(RAW DATA begins)

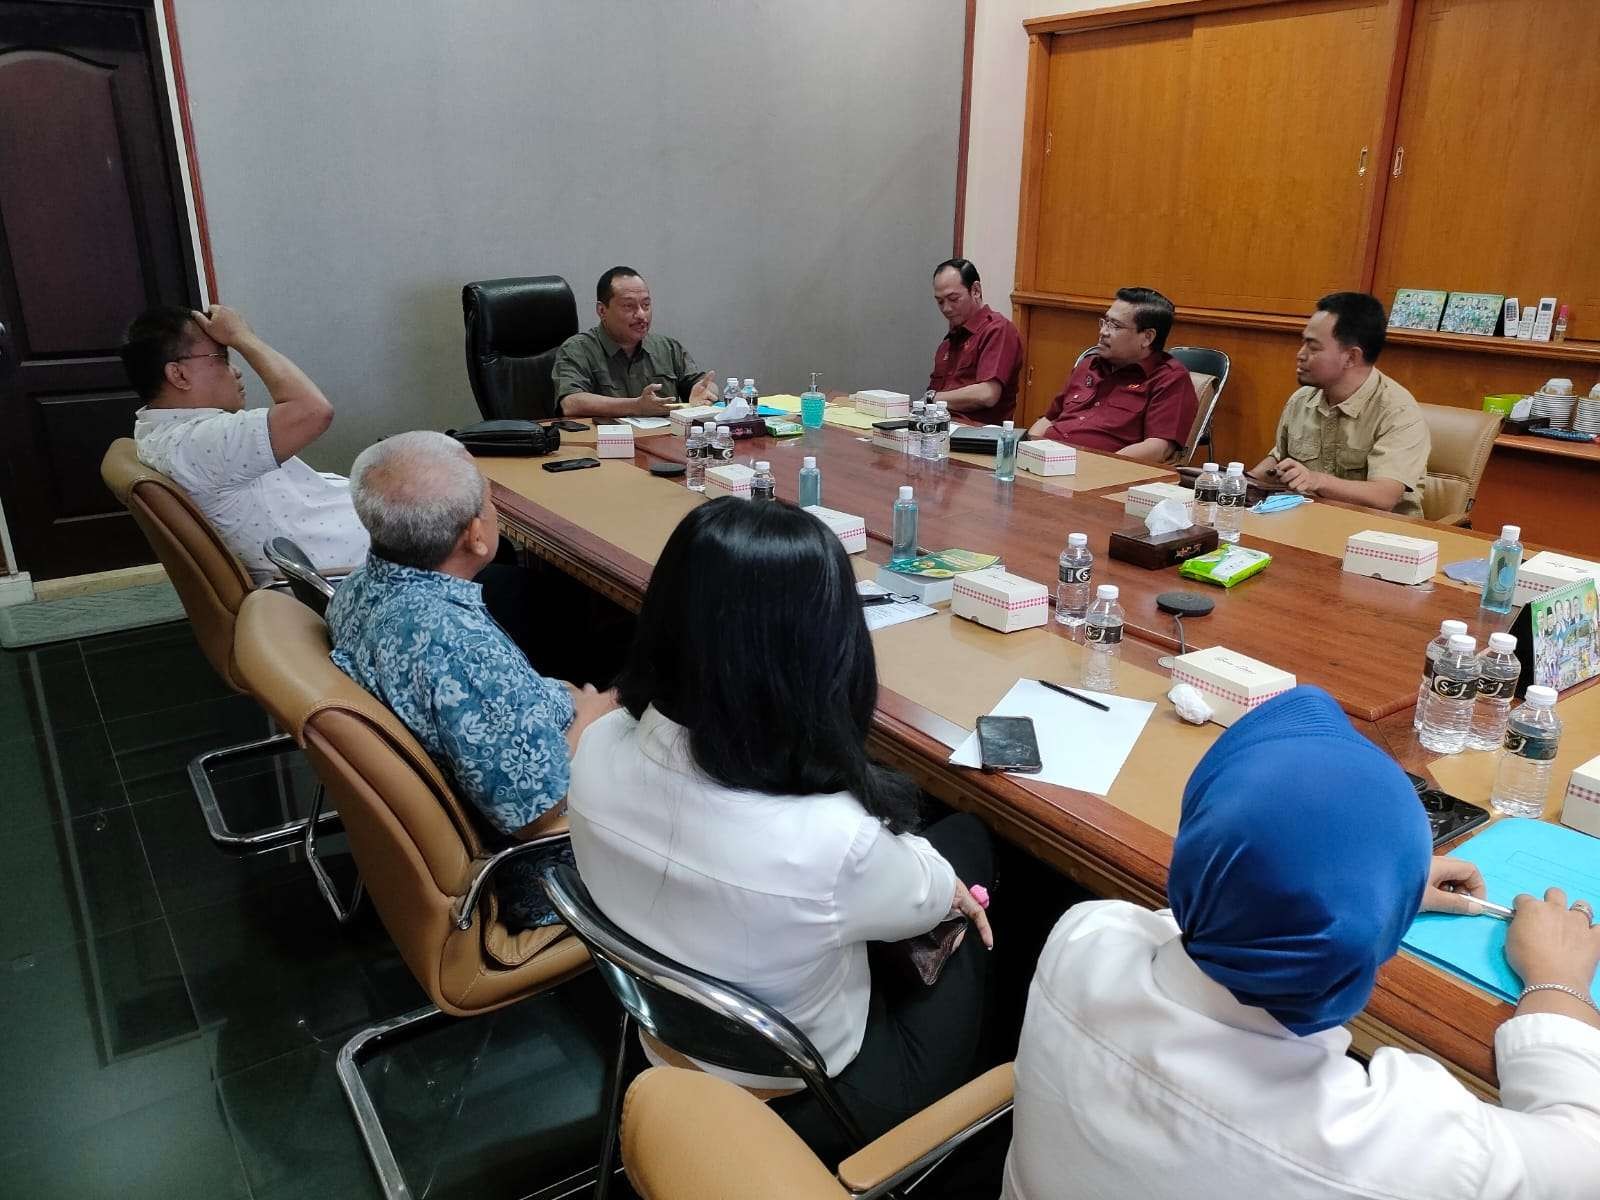 Ketua KONI Jatim M Nabil (tengah) saat menerima kunjungan KONI Jateng di Surabaya, Kamis 27 Juli 2022. (Foto: Istimewa)
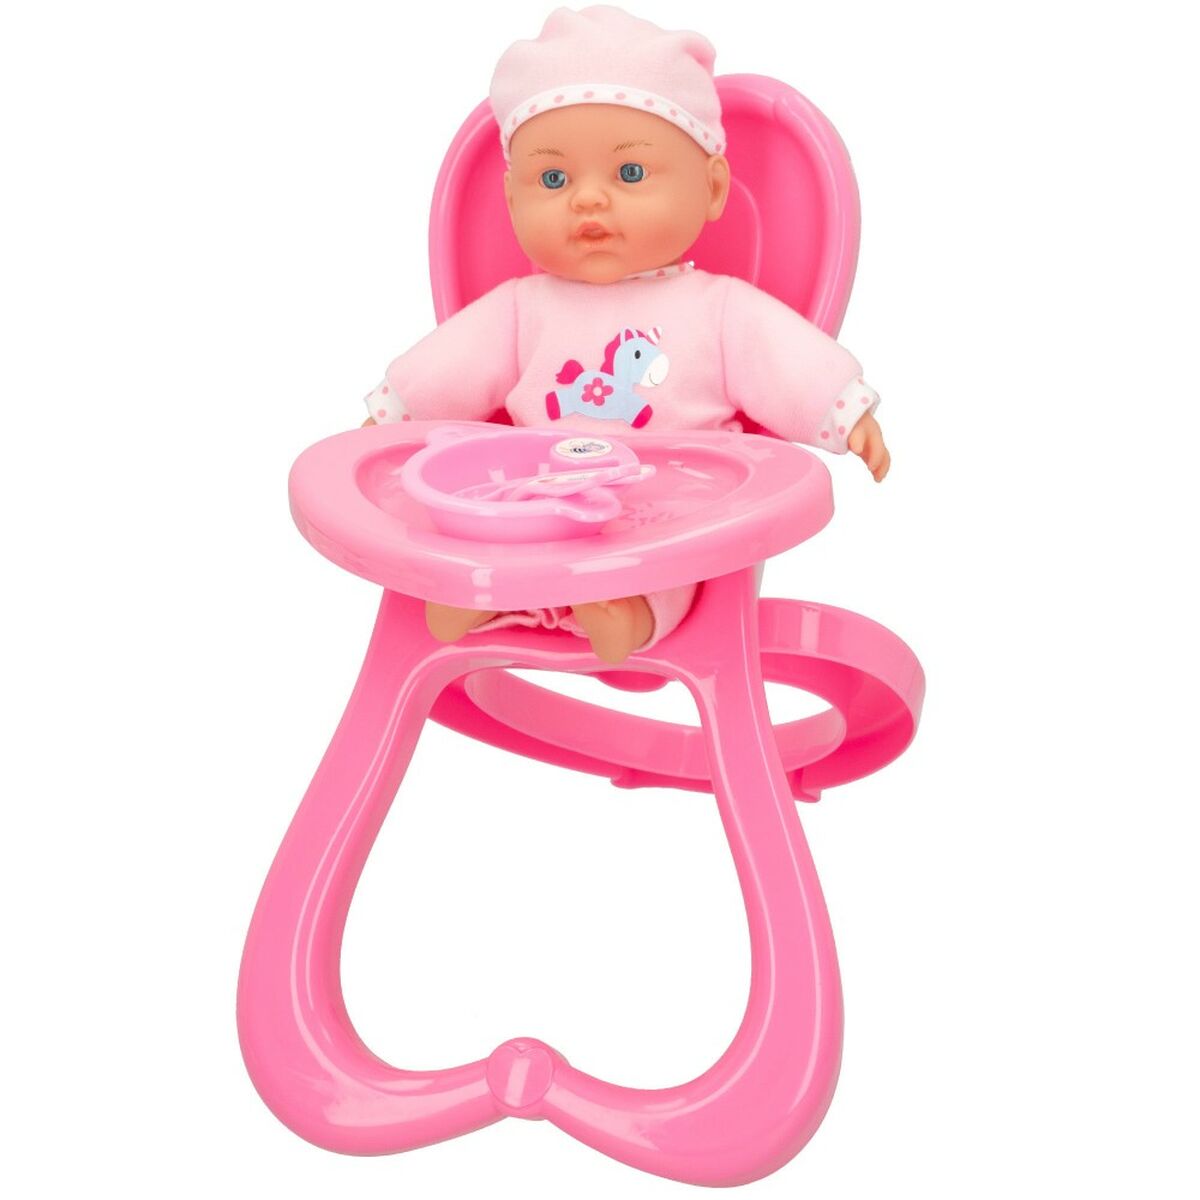 Baby doll Colorbaby 2 Unità 22,5 x 34,5 x 33,5 cm - Disponibile in 3-4 giorni lavorativi
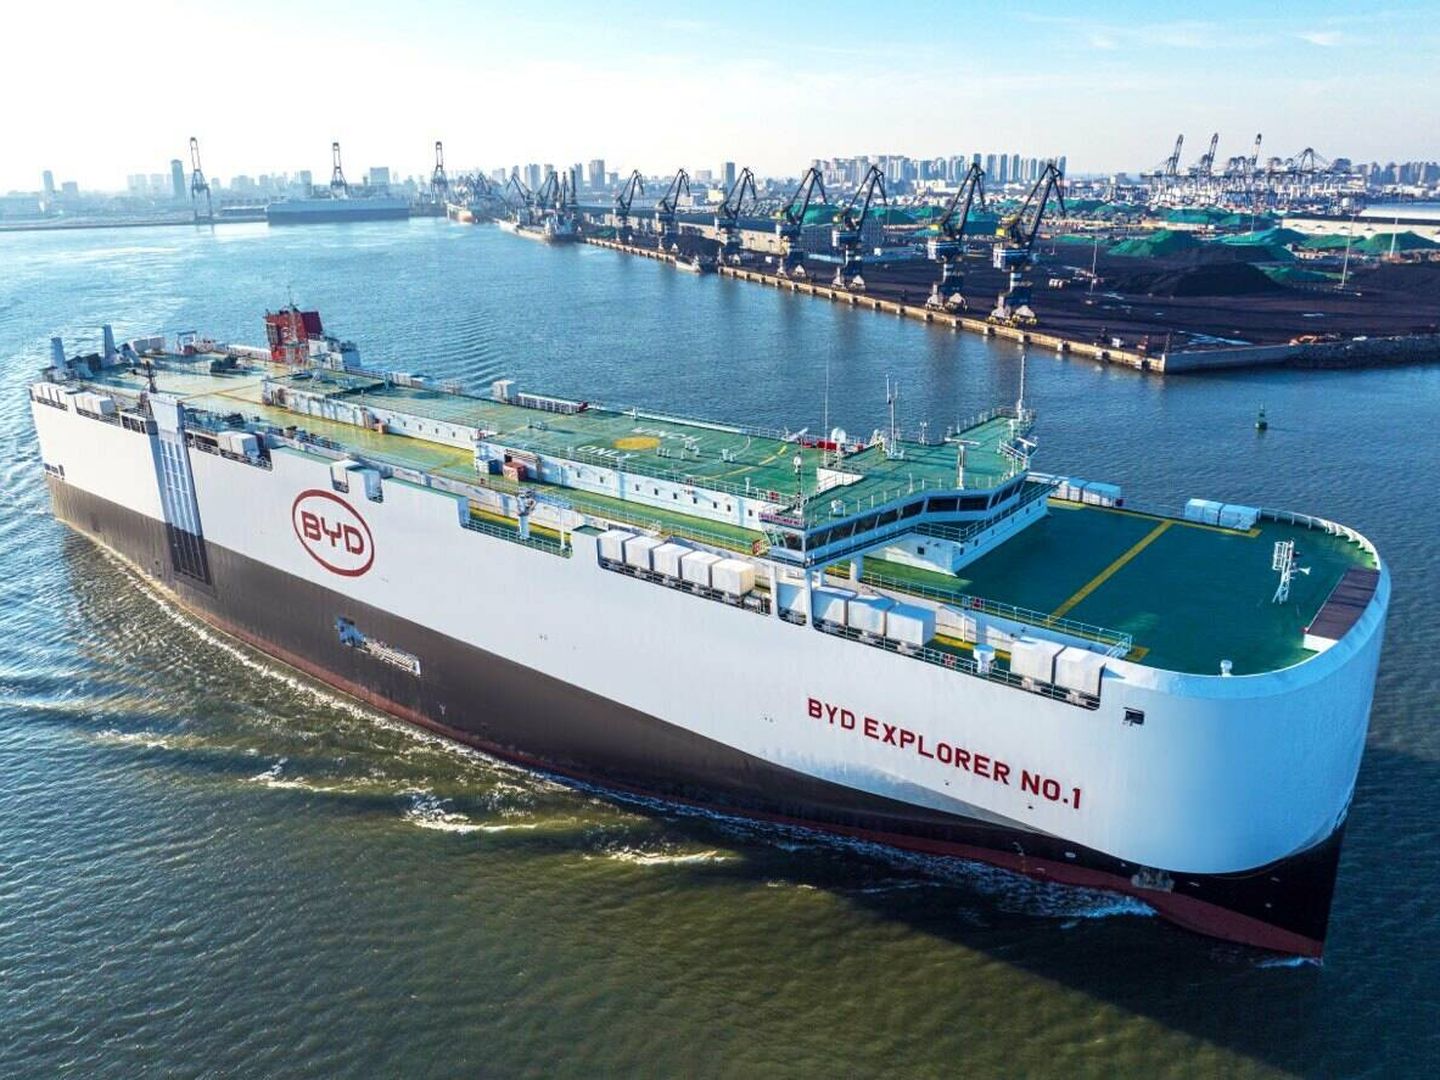 Actualmente, BYD importa a Europa todos sus coches desde China, con su propia flota de barcos.
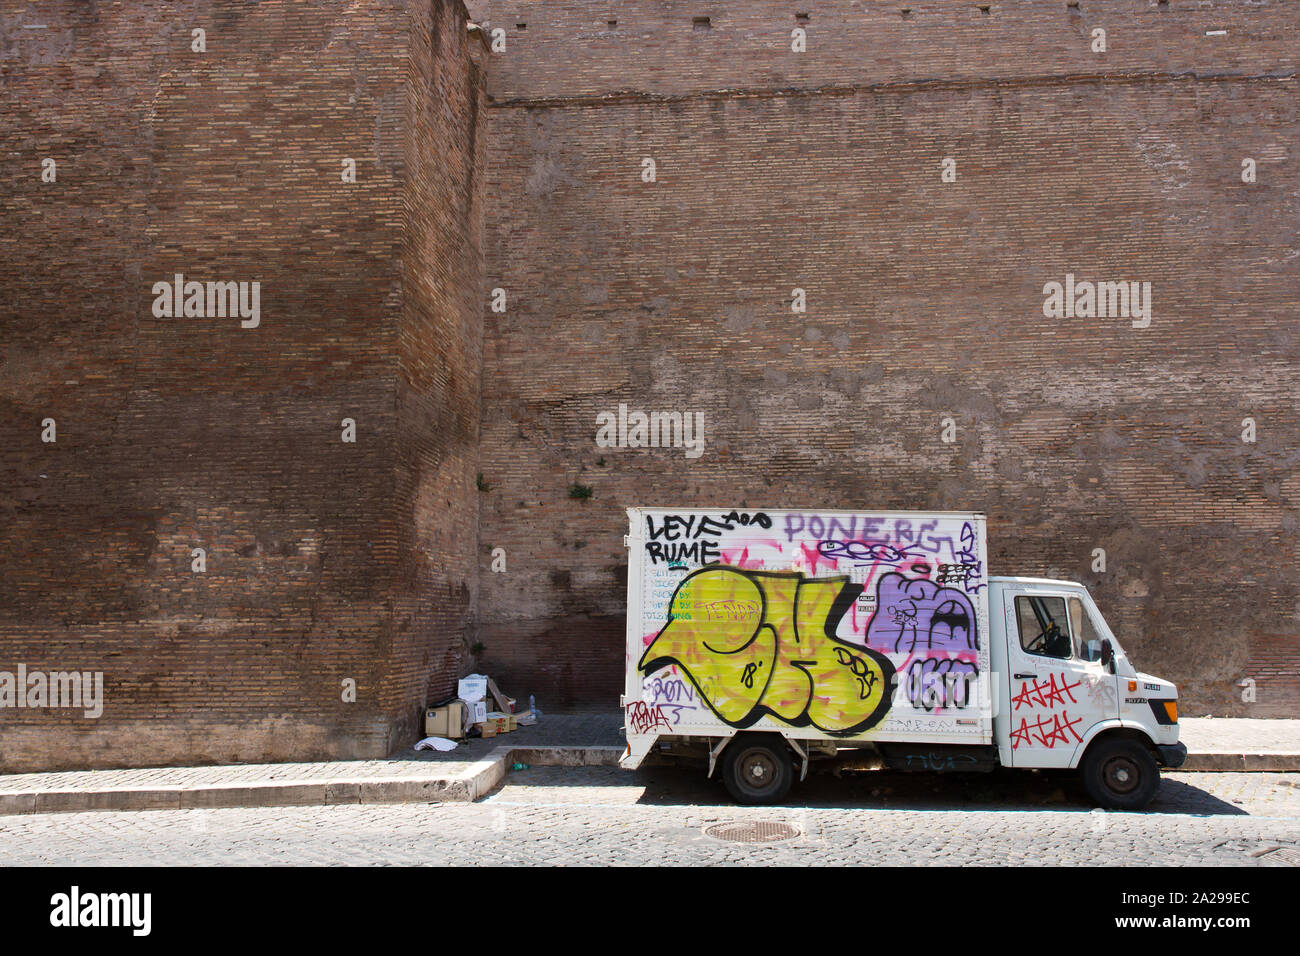 Roma - Consegna van spraypainted con grafitti davanti le vecchie mura della città Foto Stock
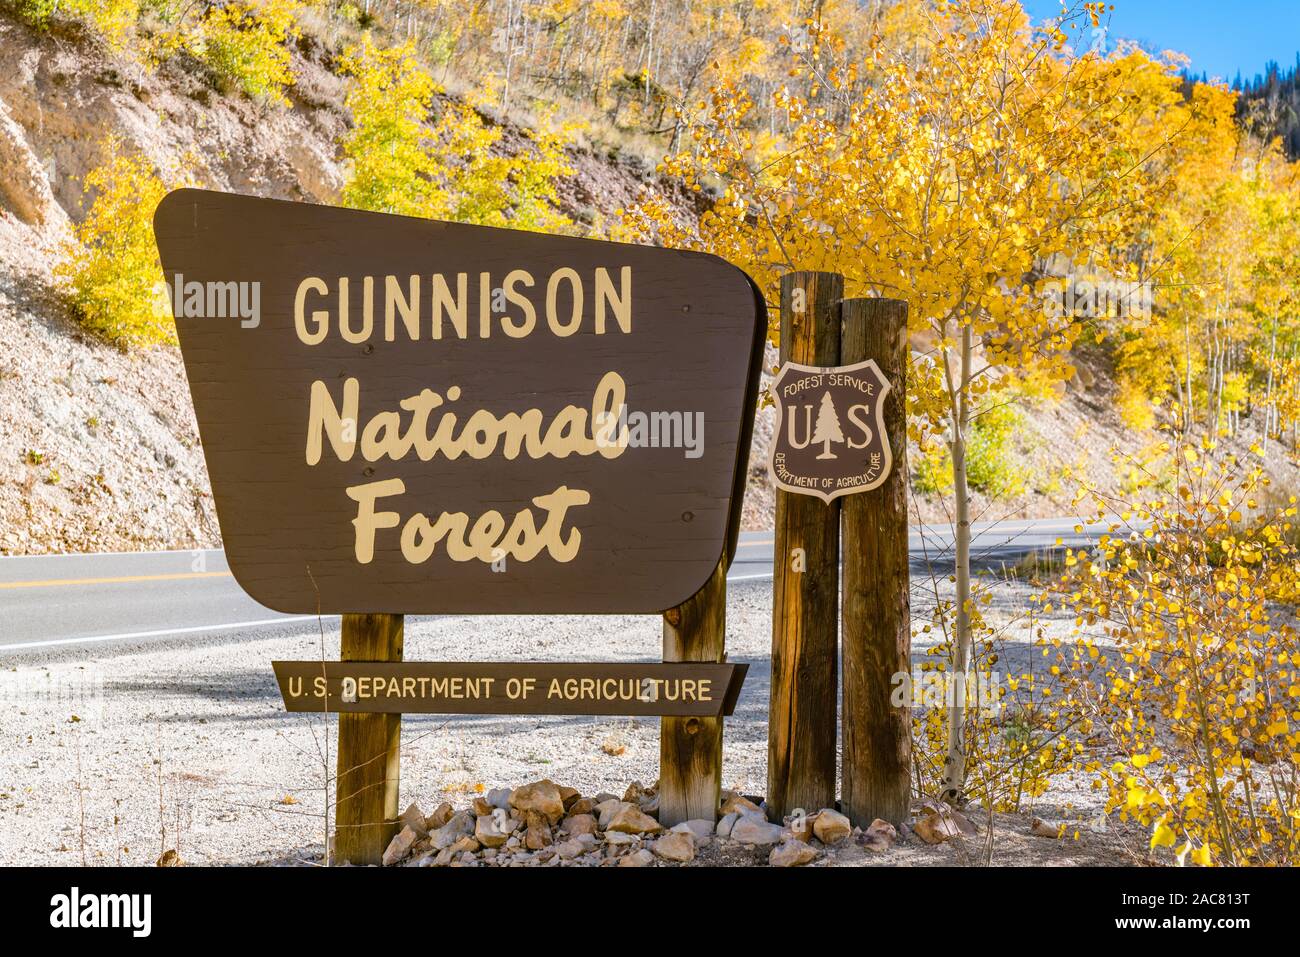 Gunnison, CO - 3 octobre, 2019 : Gunnison National Forest Bienvenue signer le long de la route à l'automne Banque D'Images

(RAW DATA ends)

EXERCISE REQUIREMENTS –
What you should produce is an exact copy of the records, with the pictures left out.

EXERCISE ANSWER –
 Ketua KONI Jatim M Nabil (tengah) saat menerima kunjungan KONI Jateng di Surabaya, Kamis 27 Juli 2022. (Foto: Istimewa)
 Baby doll Colorbaby 2 Unità 22,5 x 34,5 x 33,5 cm - Disponibile in 3-4 giorni lavorativi
 Actualmente, BYD importa a Europa todos sus coches desde China, con su propia flota de barcos.
 Roma - Consegna van spraypainted con grafitti davanti le vecchie mura della città Foto Stock
 Gunnison, CO - 3 octobre, 2019 : Gunnison National Forest Bienvenue signer le long de la route à l'automne Banque D'Images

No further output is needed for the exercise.